- Other names: Khuman Sidaba
- Affiliation: Khuman clan
- Major cult center: Mayang Imphal
- Predecessor: Pakhangba
- Color: Black
- Texts: Puyas
- Gender: Male
- Region: Mayang Imphal
- Ethnic group: Meitei
- Festivals: Lai Haraoba

Genealogy
- Parents: Pakhangba (father);
- Siblings: Mangang Apokpa, Luwang Apokpa

Equivalents
- Greek: Erebus
- Roman: Scotus

= Khuman Pokpa =

Khuman Pokpa (ꯈꯨꯃꯟ ꯄꯣꯛꯄ or ꯈꯨꯃꯟ ꯑꯄꯣꯛꯄ) is the Apokpa, or ancestor god of the Khuman clan. He is regarded as the founder of the Khuman dynasty., and is one of the three members of the Mangang Luwang Khuman in Meitei mythology and religion. Khuman Popka represents the time of the sunset and the night.

== Etymology ==
The name "Khuman Pokpa" is made up of two words, "Khuman" and "Pokpa". In Meitei language (Manipuri language), "Pokpa" means "to beget (be the father of) or to give birth to". The word "Apokpa" comes from "Pokpa". Apokpas are the dead male members of a family for the last three generations. They can be the father, grandfather, or great grandfather of any living person, who looked after the family in the past. So, "Khuman Pokpa" or "Khuman Apokpa" means "The one who gave birth to the Khumans".

== Description ==
Meitei people worship fire in the fireplace called Phunga Mei (lit. hearth fire) at home. In the fireplace, people keep three stones. One stone is in the right west, another in the north east and another in the south east. This forms a triangle. These three stones represent the three significant times of day. The northeastern stone represents the Mangang. The southeastern stone represents the Luwang. The western stone represents the Khuman. Here, Khuman represents the time of the sunset and the night. The remaining Mangang and Luwang represent the sunrise and the noon respectively. The Meiteis addressed the hearth fire (phunga mei) as "Meitreng Arabana Yoimayai Mahut Sinna Mei". The English translation of this Meitei language (Manipuri language) passage is "The burning fire in the hearth place substitutes the Sun". Thus, the Sun is worshipped in the Meetei Phunga.

== Cults and pantheons ==
Among many, one of the most important pantheons of God Khuman Pokpa is in Mayang Imphal.
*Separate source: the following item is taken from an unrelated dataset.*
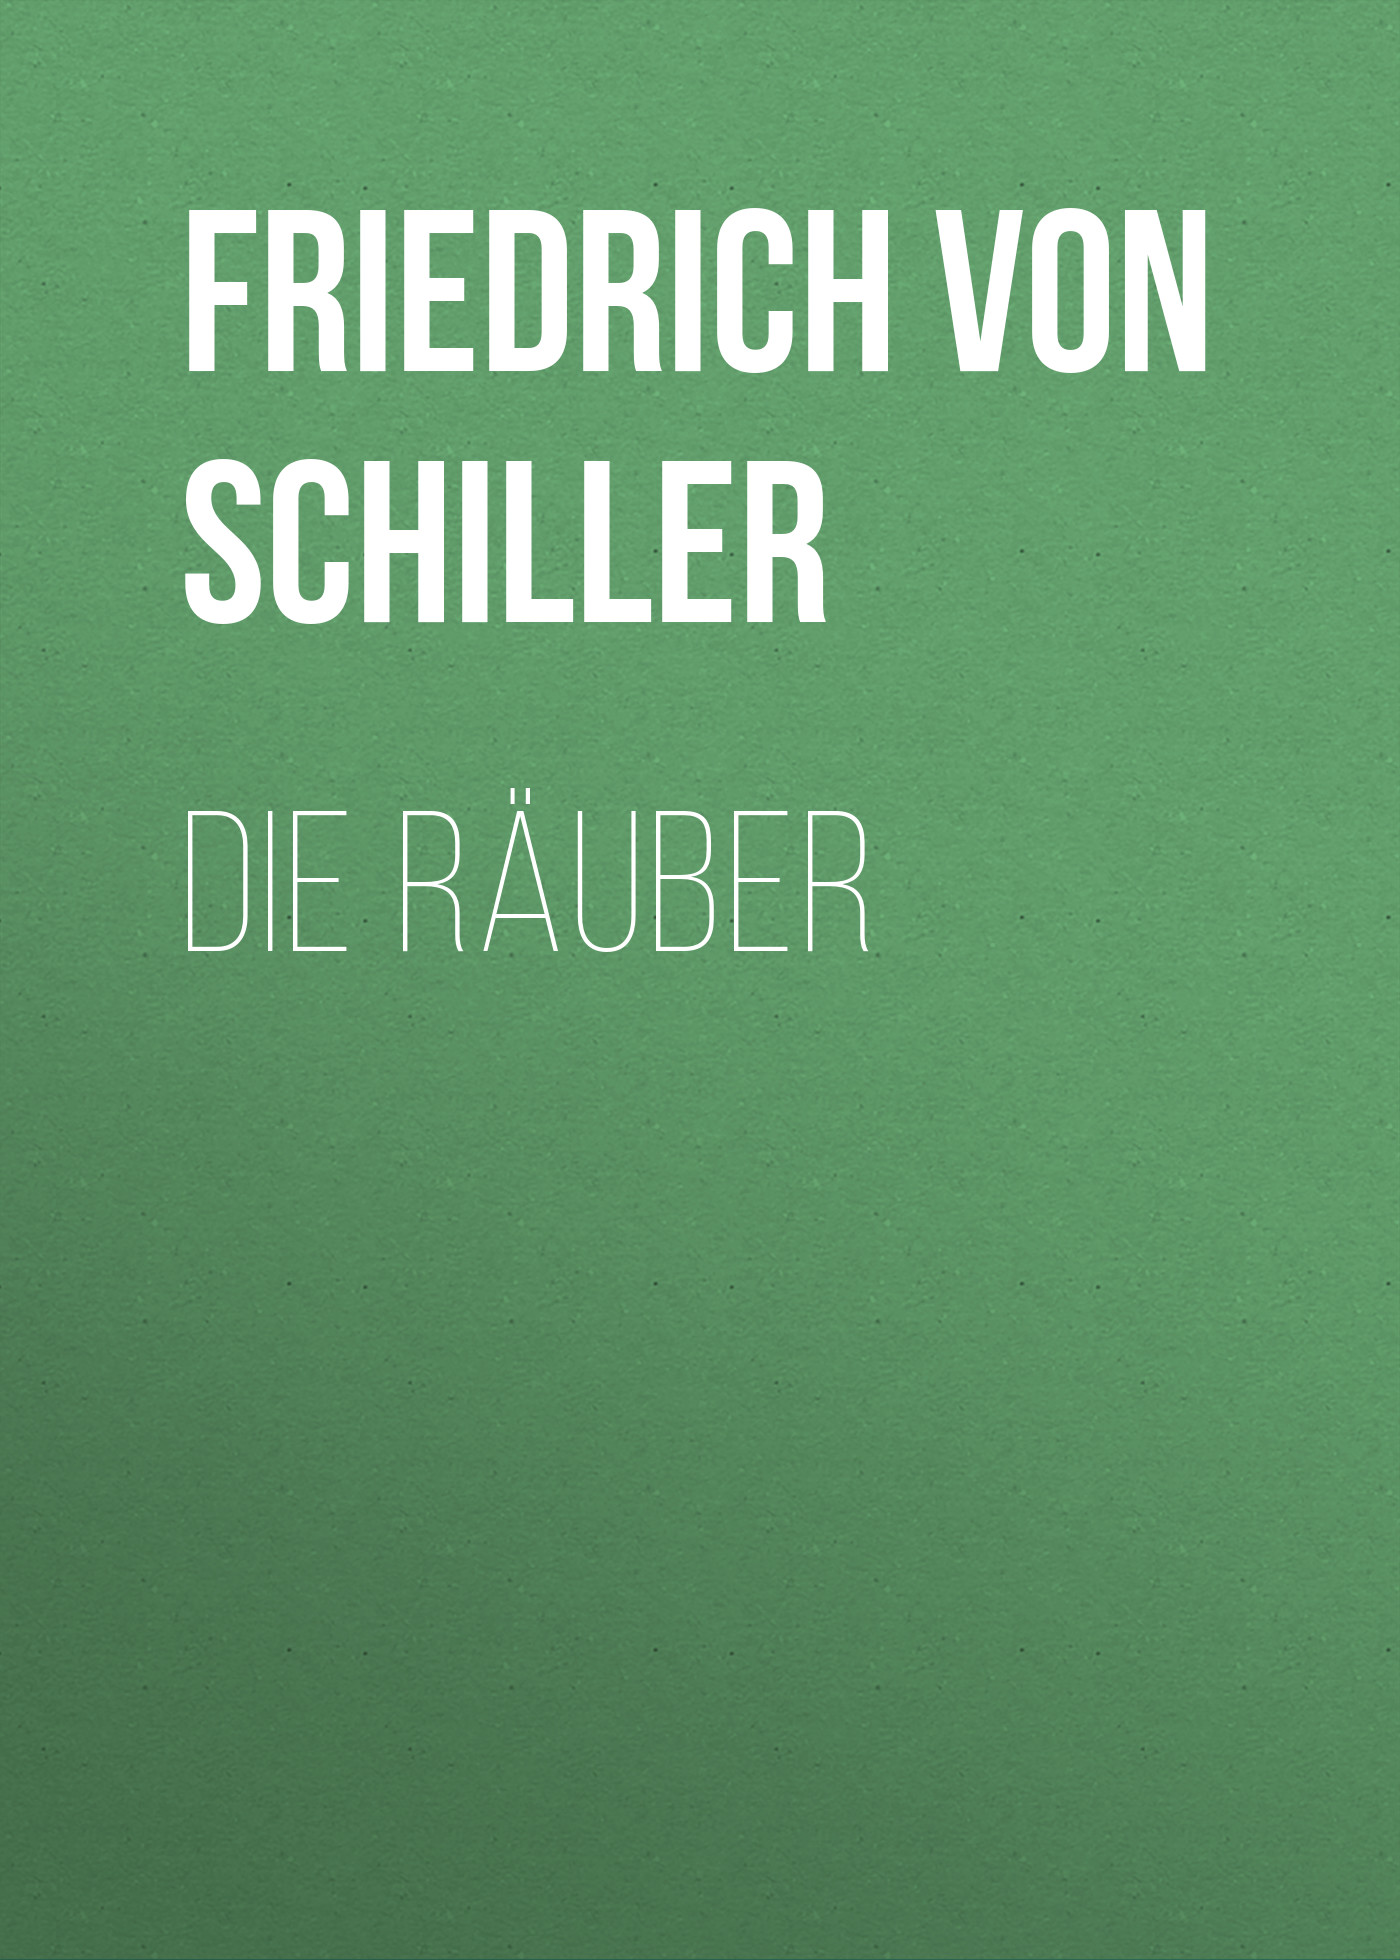 Книга Die Räuber из серии , созданная Friedrich Schiller, может относится к жанру Литература 18 века, Зарубежная старинная литература, Зарубежная классика. Стоимость электронной книги Die Räuber с идентификатором 25449676 составляет 0 руб.

Mayang Imphal is the ancient capital of the kingdom of the Khuman Salai.

== Worship ==
In ancient times, God Khuman Pokpa was worshipped for good health and prosperity. According to the beliefs of the fishermen of the Karang Islands, diseases with unexplainable causes are caused by gods and goddesses. According to their beliefs, the danger of natural calamities, epidemics, diseases and other miseries are all due to the anger of gods and goddesses. The reasons for their anger are usually due the negletct of rites and rituals.

== Festival ==
The religious festival of Lai Haraoba is celebrated in honor of Khuman Pokpa in the Karang Islands. The celebration lasts for ten consecutive days during the month of September. In the modern day, the celebration draws the attention of a large number of tourists.